Wetterfühligkeit

Autorin: Ulrike Springer

Aktualisiert am: 15.03.2010

Was hilft gegen Wetterfühligkeit?

Das Wetter können wir zwar nicht beeinflussen, doch wir können einiges dafür tun, dem Körper die Anpassung an eine veränderte Wetterlage zu erleichtern. Viel Bewegung an der frischen Luft und ausreichender Schlaf sind jetzt besonders wichtig, und natürlich alles, was den Körper abhärtet: Sauna, Dampfbad und Kneipp-Kuren sind dafür hervorragend geeignet.

Wer unter Frühjahrsmüdigkeit leidet, sollte auf Gymnastik oder Ausdauersportarten setzen, die den Kreislauf anregen. Entspannungsübungen wie etwa autogenes Training oder Qi Gong helfen bei Kopfschmerzen. Die chinesische Akupressur kann ebenfalls mit einer Übung gegen die Frühjahrsmüdigkeit aufwarten: dafür einfach die Kuppe beider Mittelfinger mit den Daumen reiben, bis ein Wärmegefühl entsteht.
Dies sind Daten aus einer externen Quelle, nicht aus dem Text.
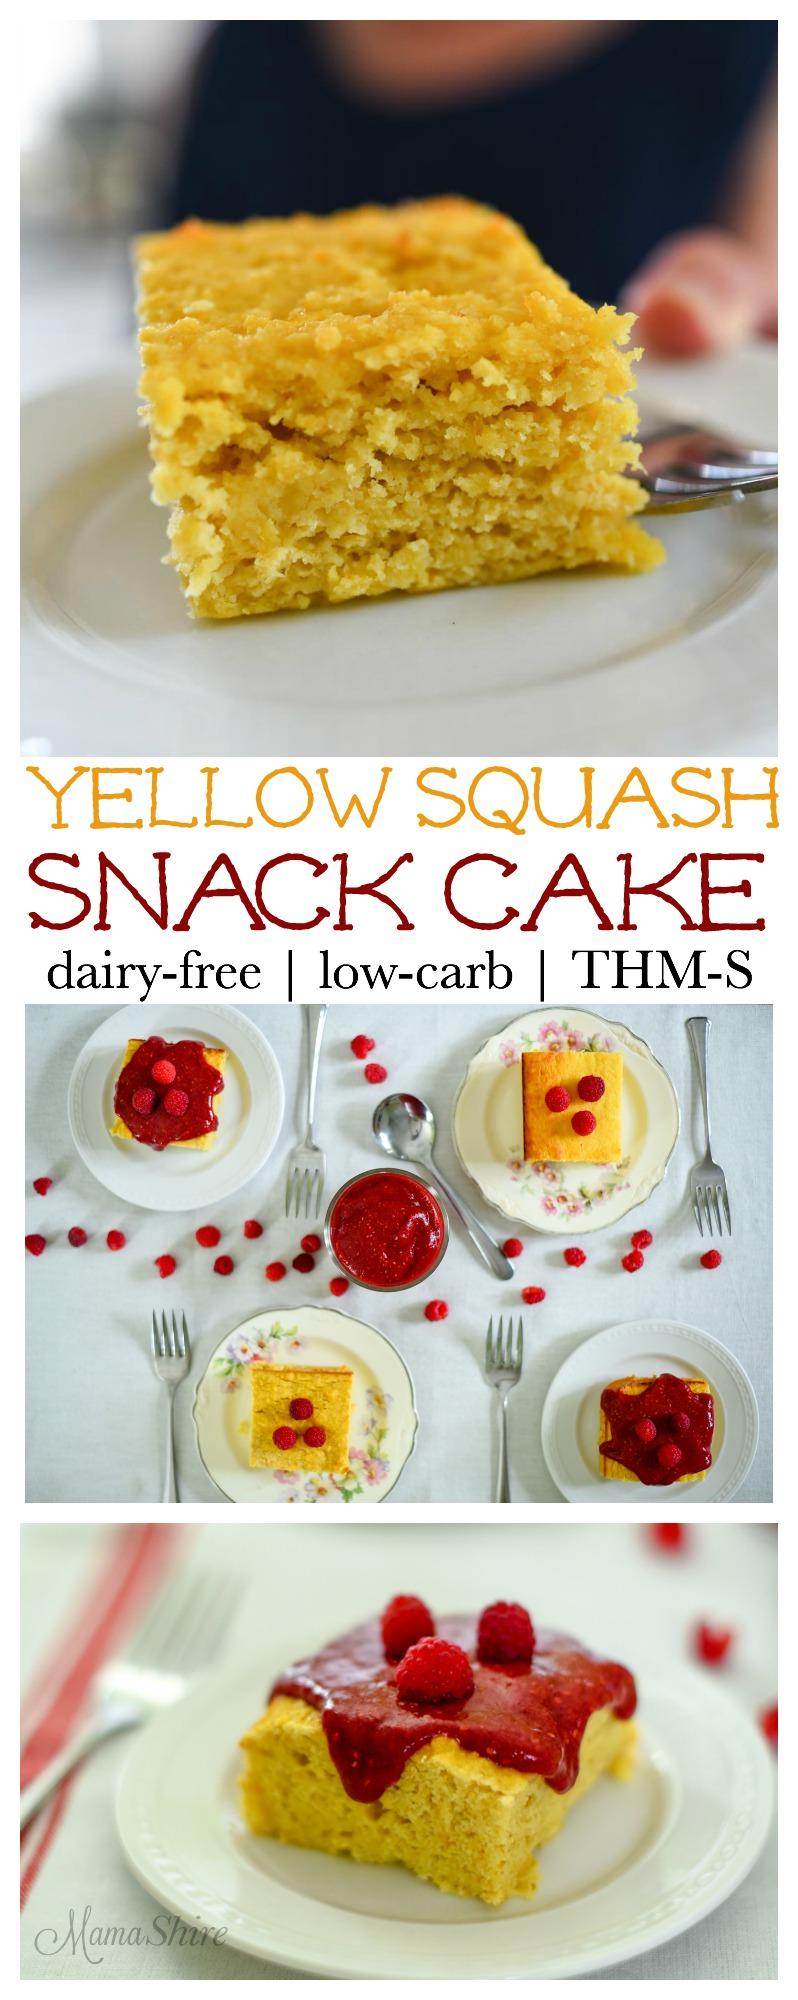 Yellow Squash Snack Cake - Gluten-free, Dairy-free, THM-S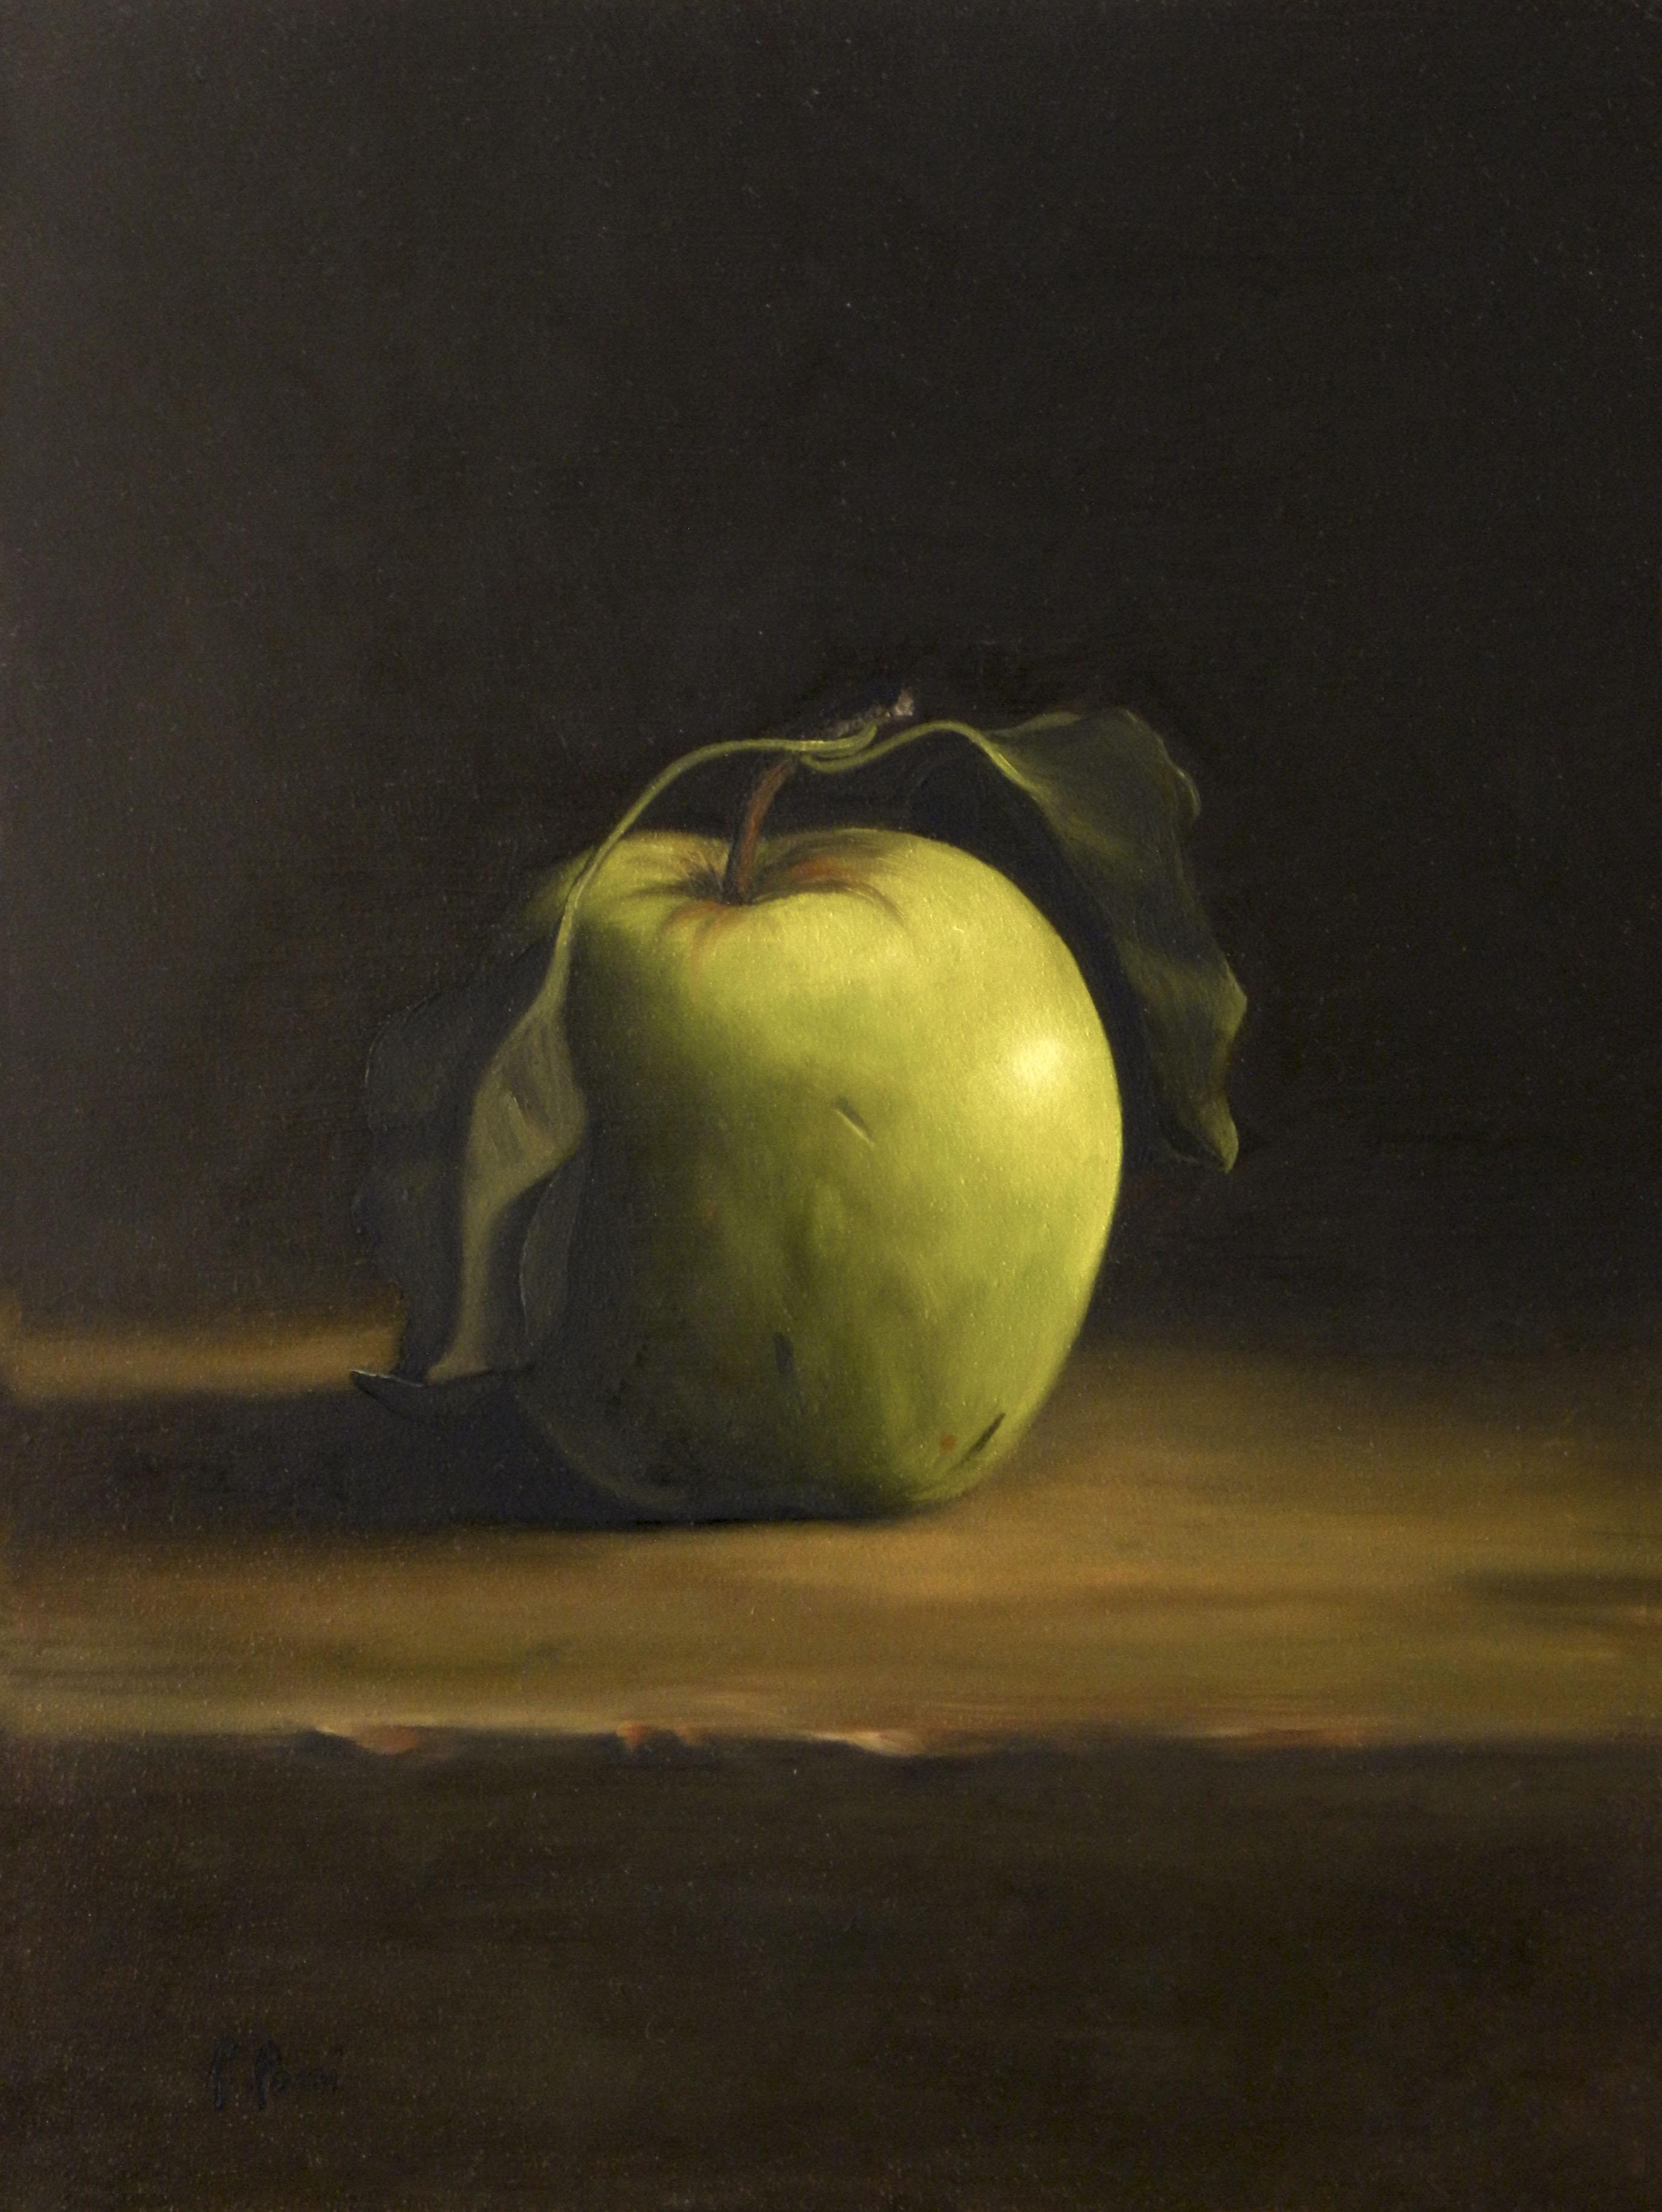 2015 roberta rossi – mela e foglie – olio su tavola – 24 x 18

Mehr Schwung durch gesunde Ernährung

Eine vitaminreiche Kost und die Vermeidung von Alkohol und Nikotin sind der Schlüssel zur Vermeidung beziehungsweise Linderung von Wetterfühligkeits-beschwerden. Prof Hademar Bankhofer empfiehlt in seinem Werk "Das große Buch vom gesunden Leben" reichlich Vitamin C, das Stress reduziert und munter macht. Essen Sie daher so oft wie möglich Zitrusfrüchte, Sauerkraut, Paprikaschoten und Kiwis, Vitamin-C-reiche Getränke sind Hagebuttentee und Sanddornsaft.

Der amerikanische Wissenschaftler Prof. Dr. Jeffrey Bland hat nachgewiesen, dass Frühjahrsmüdigkeit stets mit einem Mangel an Vitamin E einhergeht. Daher sollten jetzt Weizenkleie, Weizenkeime, Weizenkeimöl, Milch und Milchprodukte sowie Nüsse und Eier oft auf dem Speiseplan stehen.

Eisenmangel kann zu Frühjahrsmüdigkeit führen

Auch ein Eisenmangel kann hinter Frühjahrsmüdigkeit stecken. Eisen ist in Sojaprodukten, Sonnenblumenkernen, Roten Rüben und Hühnerfleisch enthalten. Bequeme Naturen können auch zu Nahrungsergänzungsmittel  aus der Apotheke greifen. Einen Versuch wert ist auch Bankhofers Kräuterteekur: Trinken Sie eine Woche lang drei mal täglich eine Tasse Brennnesseltee, danach Löwenzahnwurzeltee in derselben Menge. Dr. med Susanne Schunder-Tatzber empfiehlt die Einnahme von Ginseng-Präparaten für einen Zeitraum von rund drei Monaten. Im Ayurveda zählt Ingwer zu den wichtigsten Heilpflanzen, die bei Schwächezuständen, Müdigkeit und Kopfschmerzen verordnet werden.